Proposed 2020 Fee Schedule Sees Bump in Payment, Streamlining of Documentation

The Centers for Medicare and Medicaid Services is also proposing some changes to payment for services provided to patients with opioid use disorders.
Psychiatrists will see on average a slight uptick in reimbursement under the Medicare program in 2020, according to the proposed 2020 fee schedule issued last month by the Centers for Medicare and Medicaid Services (CMS). Additional increases are expected for the 2021 fee schedule.
CMS is also proposing changes that will simplify documentation for evaluation and management (E/M) services and establish “bundled payments” for patients being treated for an opioid use disorder (OUD). (Bundled payments provide a single payment for all services provided over a defined episode of care.)
Those are the highlights of a proposed 2020 fee schedule that APA staff said is mostly good news for psychiatrists. In addition to the fee schedule, which governs coding and reimbursement, the CMS rule also includes proposed updates and changes to the Quality Payment Program. The latter includes proposed rules for the two quality programs in which physicians can participate: the Merit-Based Incentive Payment System (MIPS) and Advanced Alternative Payment Models (APMs).
Comments on the proposed rule are due September 27. The final rule will be issued on November 1.
These are some of the proposed changes for 2020:
There will be a slight increase to the “conversion factor” by which relative value units (RVUs) are translated into dollars, from $36.04 per RVU to $36.09 per RVU. This, in combination with other proposed changes, will increase the total allowed charges for psychiatry (and the total overall amount paid to psychiatrists) by 1%. How that will play out for individual psychiatrists will depend on their patient mix and practice type. (RVUs are composed of the values for physician work, practice expense, and malpractice costs associated with every billable code. The RVUs are established by the Relative Value Update Committee, or RUC, which includes representatives from APA.)

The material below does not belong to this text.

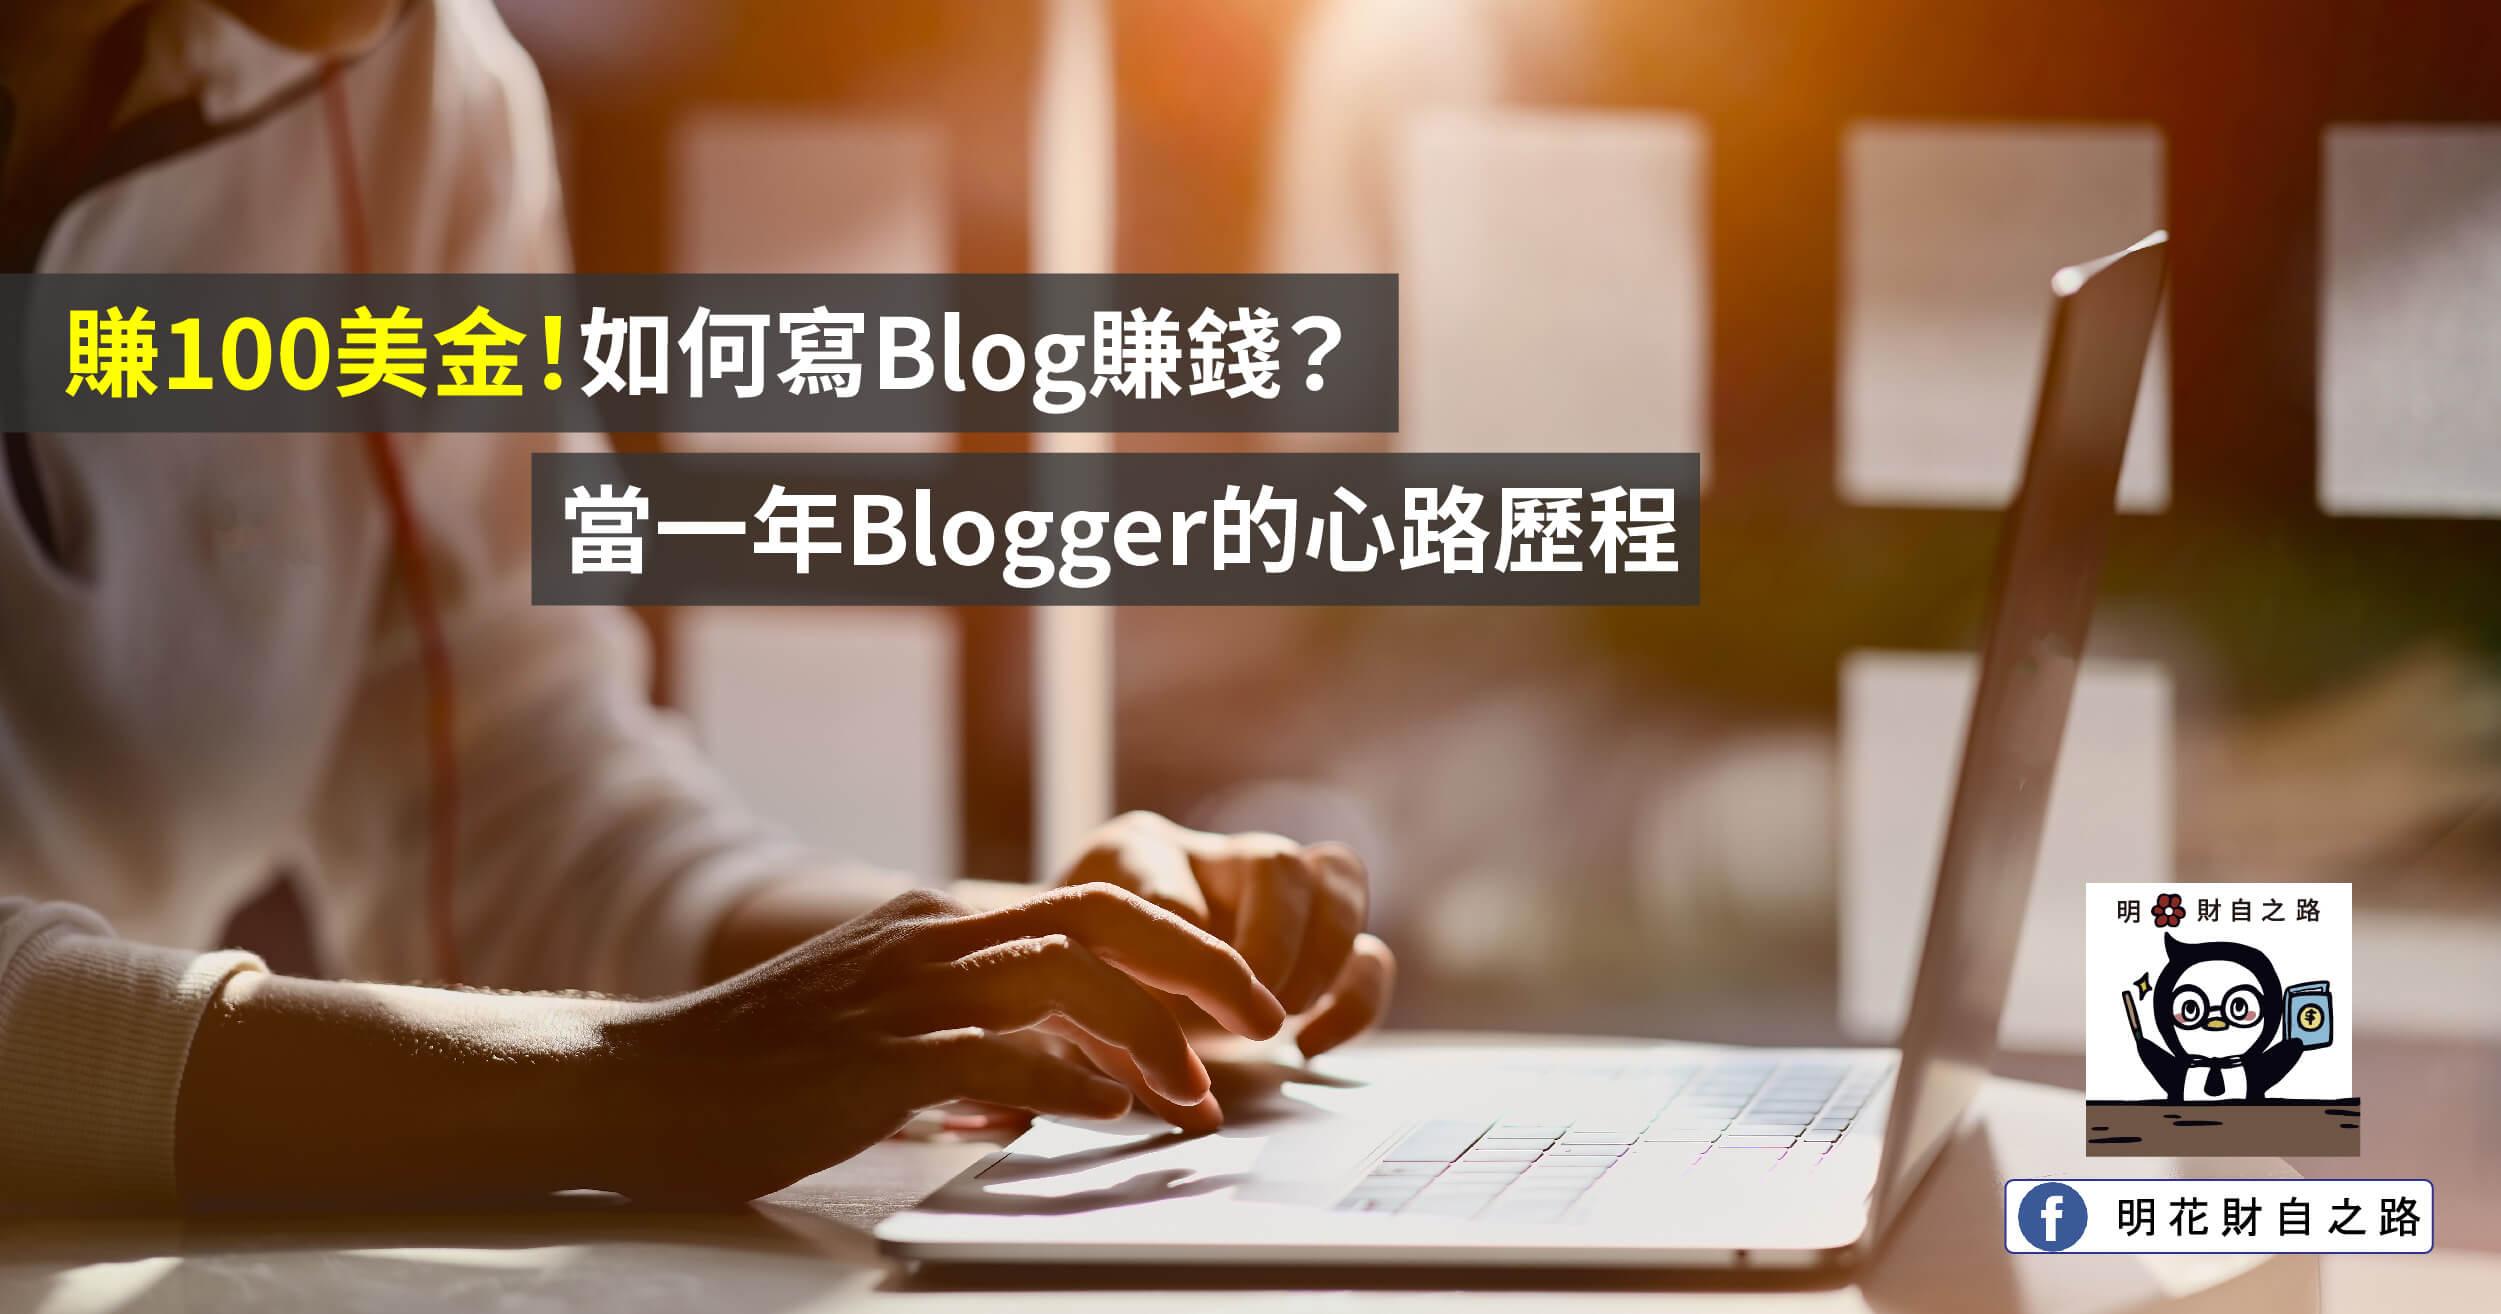 賺100美金!如何寫Blog賺錢?當一年Blogger的心路歷程

CMS proposes requiring performance and documentation of a patient history and exam only as medically appropriate; further, the agency proposes allowing clinicians to bill the E/M visit based on either the level/amount of medical decision-making involved or on the amount of time spent providing care. (The latter proposal removes the requirement that—in order to bill by time—at least 50% of the time must be spent in counseling and coordination of care.)
CMS is removing the requirement that physicians re-document information entered by other members of a clinical team and proposes allowing physicians to document they have reviewed the information rather than requiring them to restate it.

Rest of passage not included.